Please transcribe the data below in full, word for word, without the images.

→ **RAW DATA**:
........

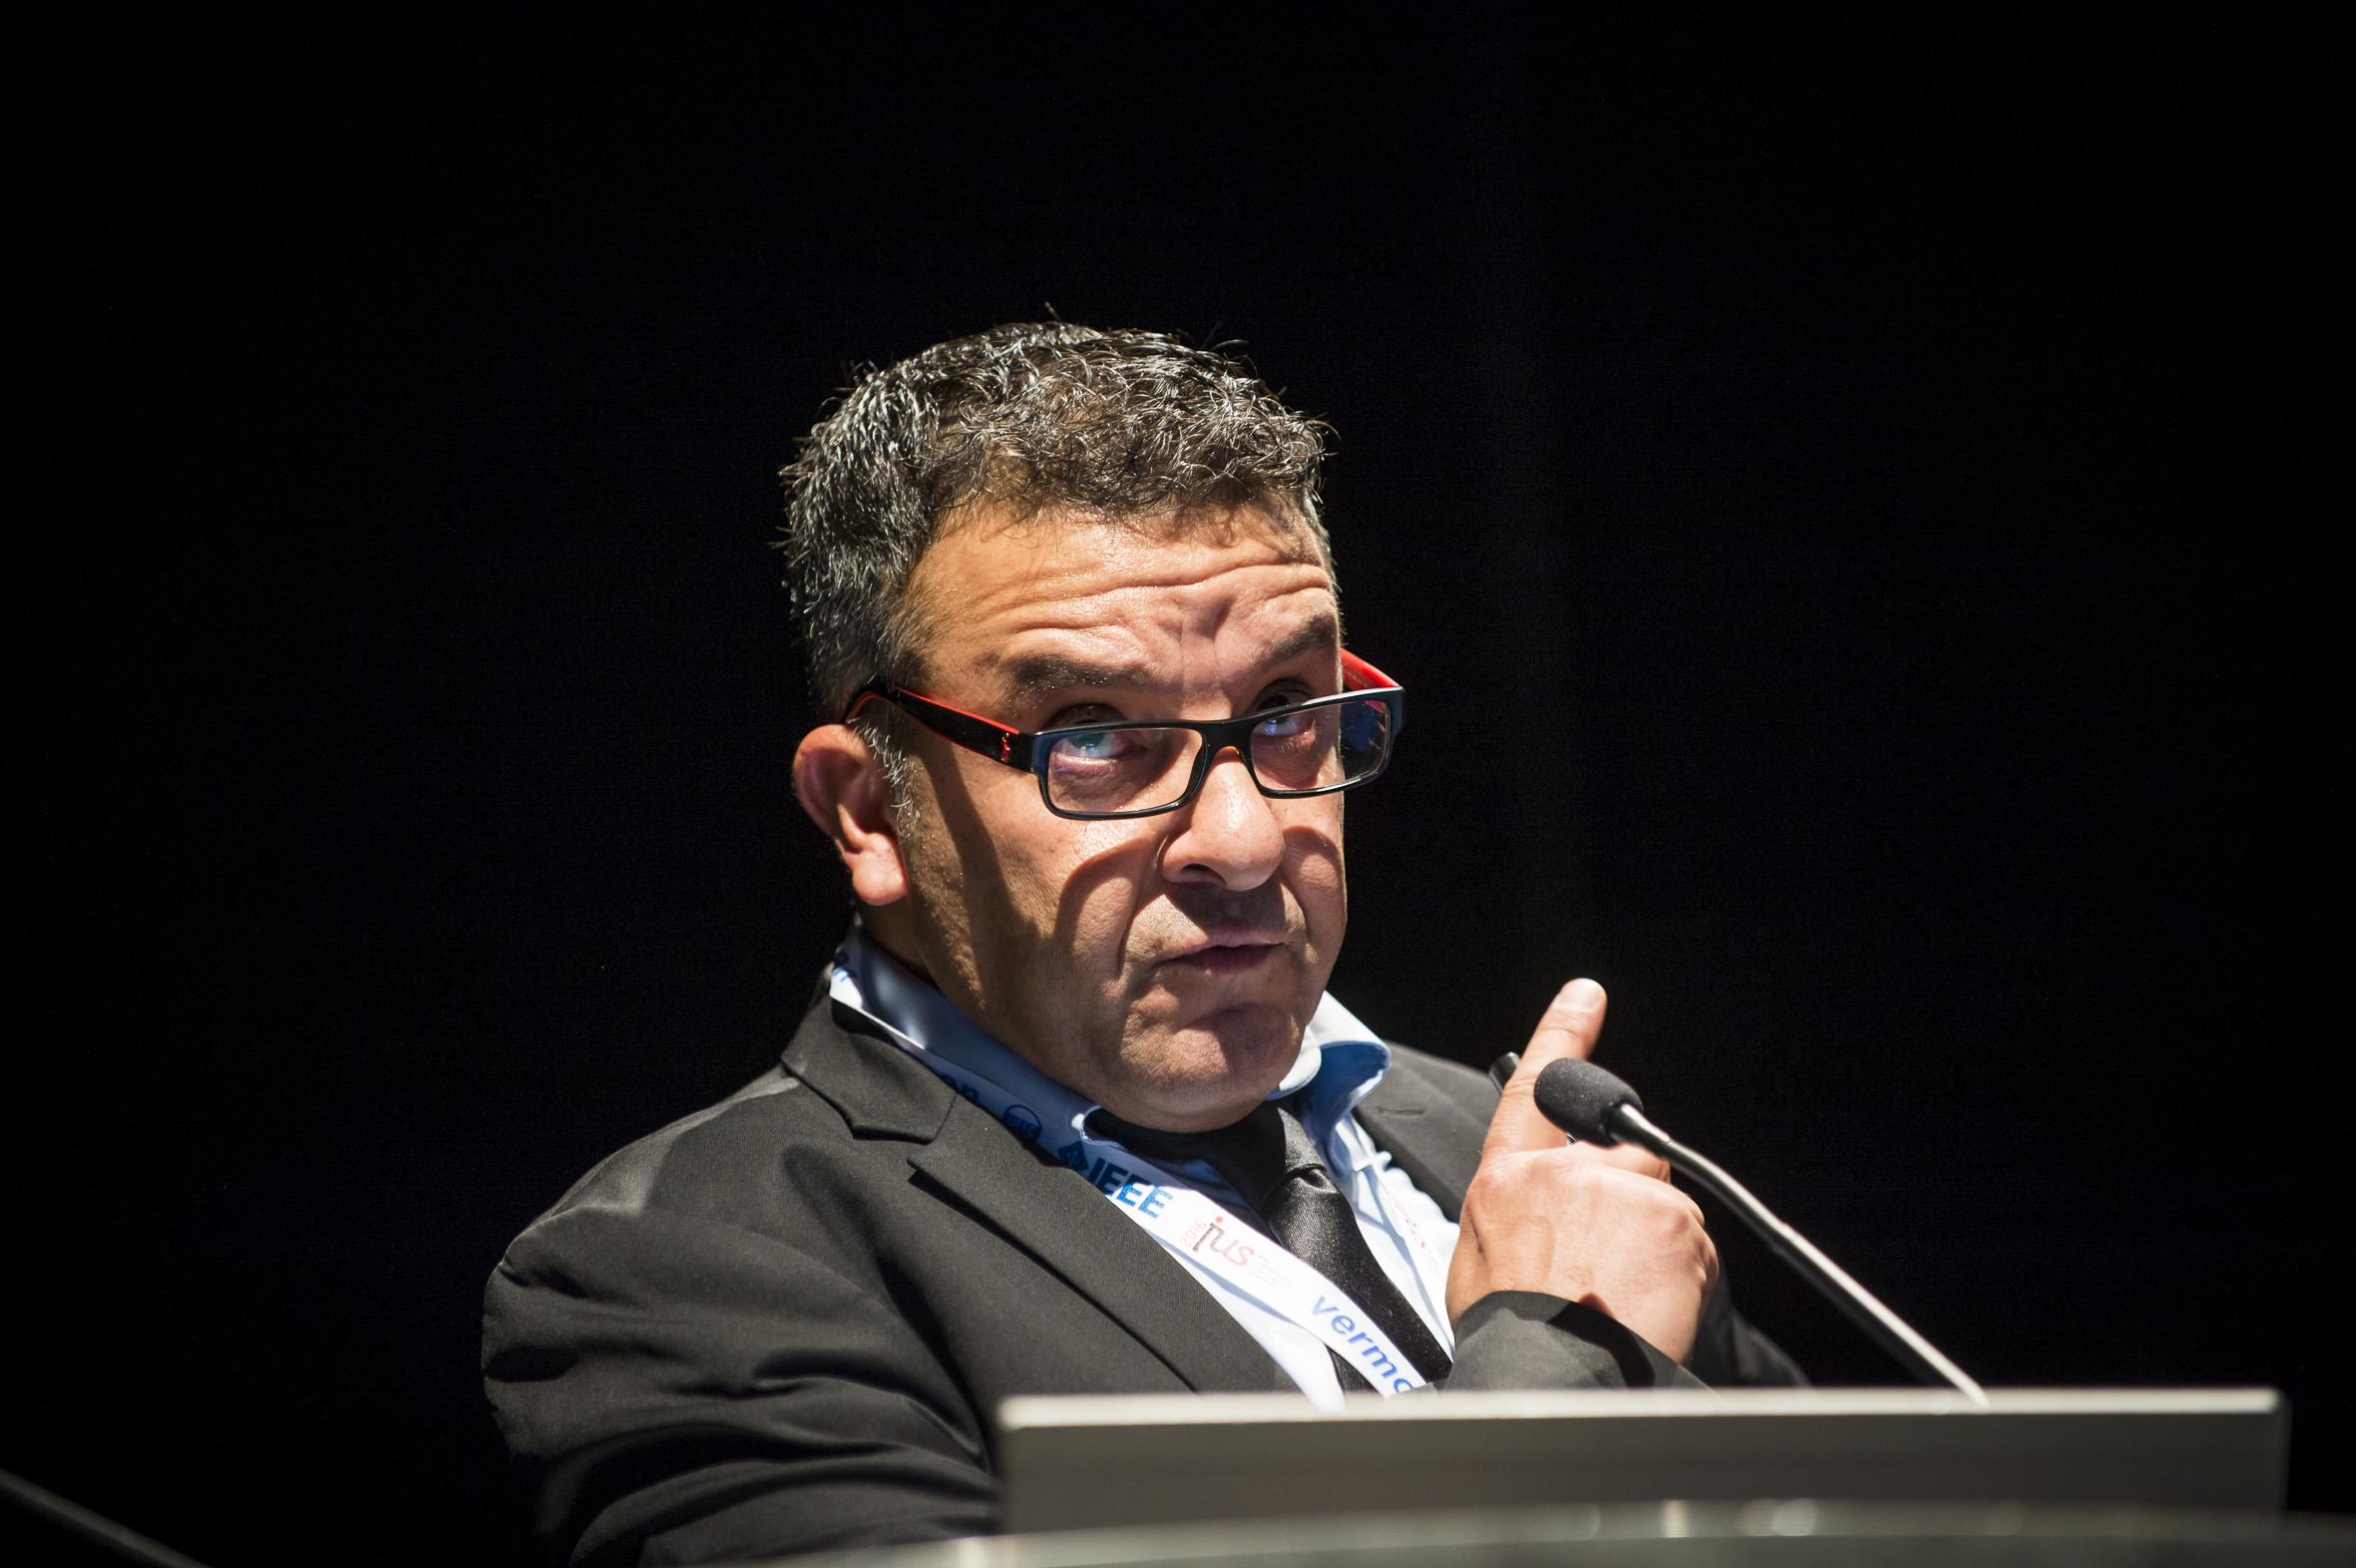 Dr. Ayache Bouakaz
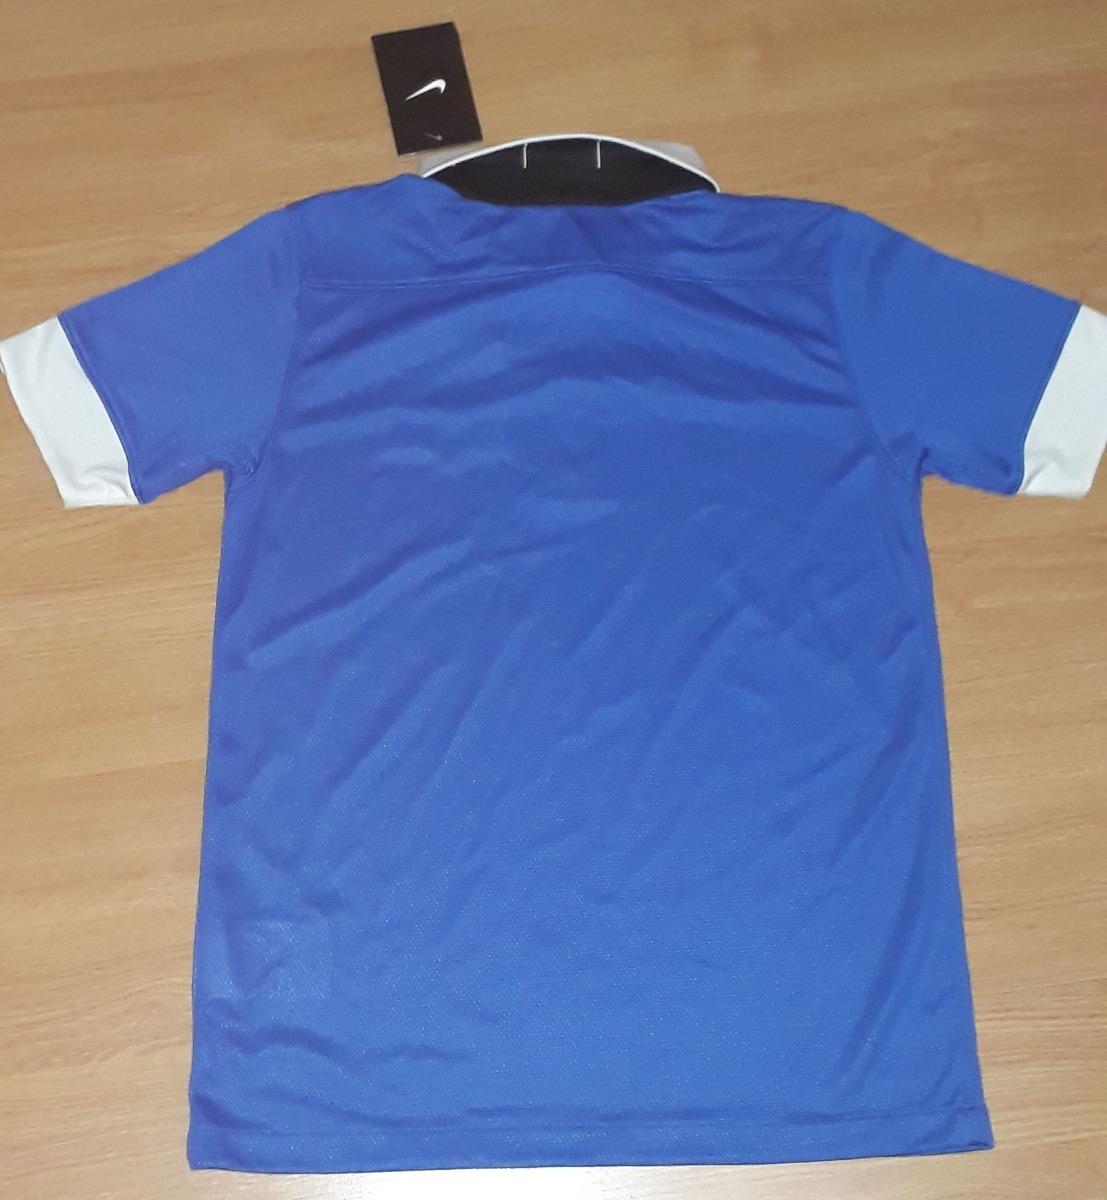 a6fd41721e camisa corinthians infantil azul nova original. Carregando zoom.
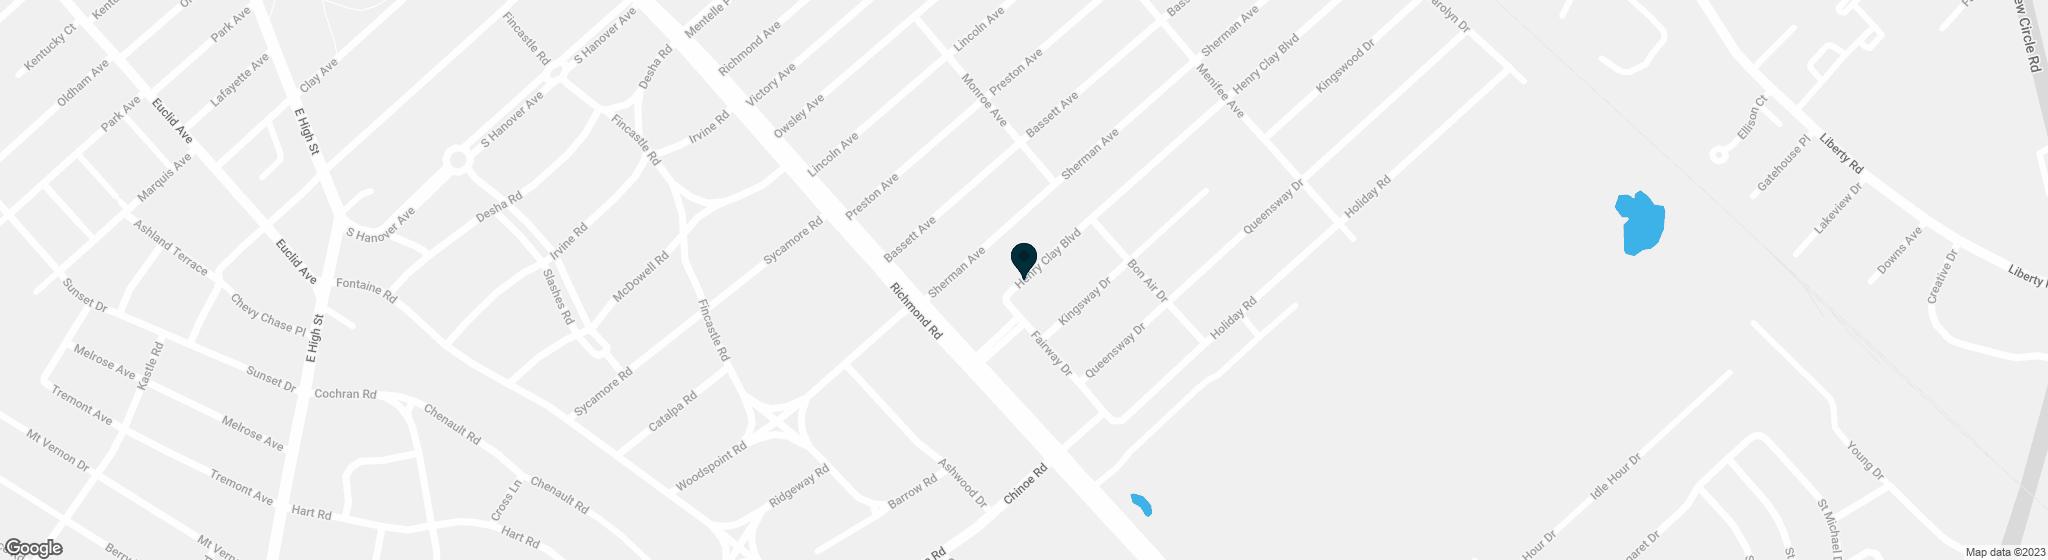 238 Henry Clay Boulevard Lexington KY 40502

........

→ **COMPLETED TASK**:
 Dr. Ayache Bouakaz
 a6fd41721e camisa corinthians infantil azul nova original. Carregando zoom.
 238 Henry Clay Boulevard Lexington KY 40502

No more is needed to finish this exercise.